EXERCISE OBJECTIVE
Of the lines listed below, return exactly those that run from the line containing "Gorgeous Sweetheart Straps" through the line containing "Golden Gate Bridge", both included.

[[ PROVIDED DATA, beginning ]]

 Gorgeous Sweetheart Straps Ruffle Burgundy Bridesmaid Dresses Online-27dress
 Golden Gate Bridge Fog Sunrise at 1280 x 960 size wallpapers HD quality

[[ PROVIDED DATA, end ]]
[[ PROVIDED DATA, beginning ]]

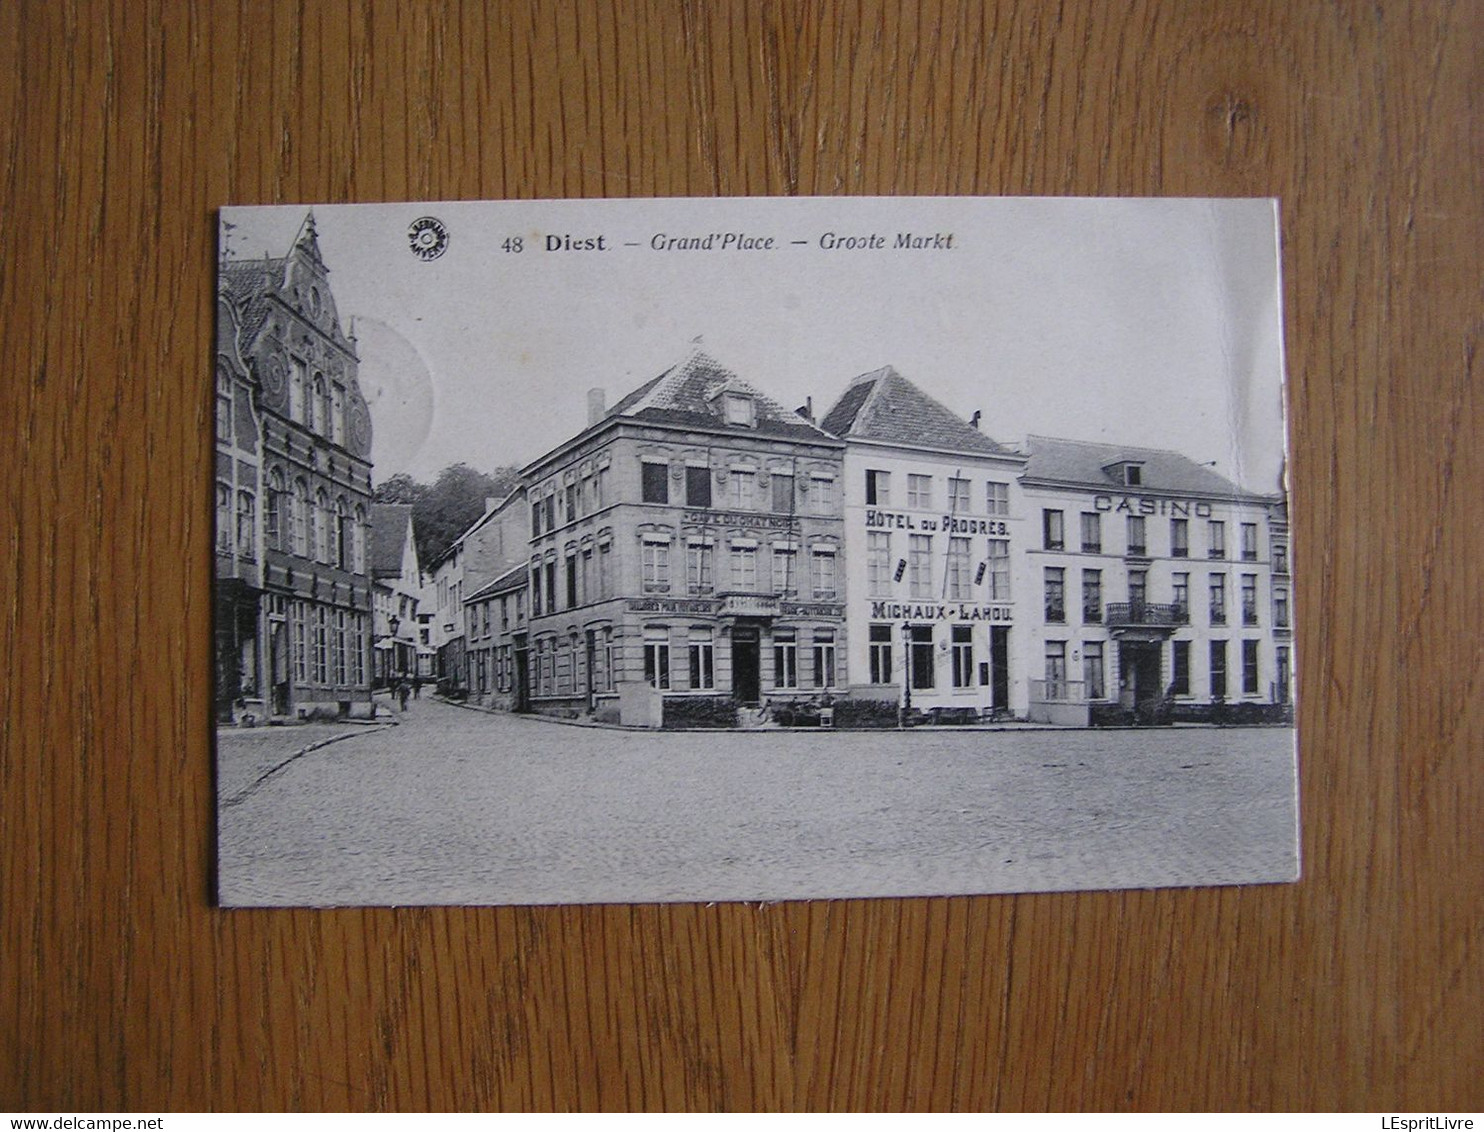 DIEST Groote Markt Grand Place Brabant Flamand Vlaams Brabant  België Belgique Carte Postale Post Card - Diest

[[ PROVIDED DATA, end ]]

SOLUTION TO THIS PROBLEM
 Gorgeous Sweetheart Straps Ruffle Burgundy Bridesmaid Dresses Online-27dress
 Golden Gate Bridge Fog Sunrise at 1280 x 960 size wallpapers HD quality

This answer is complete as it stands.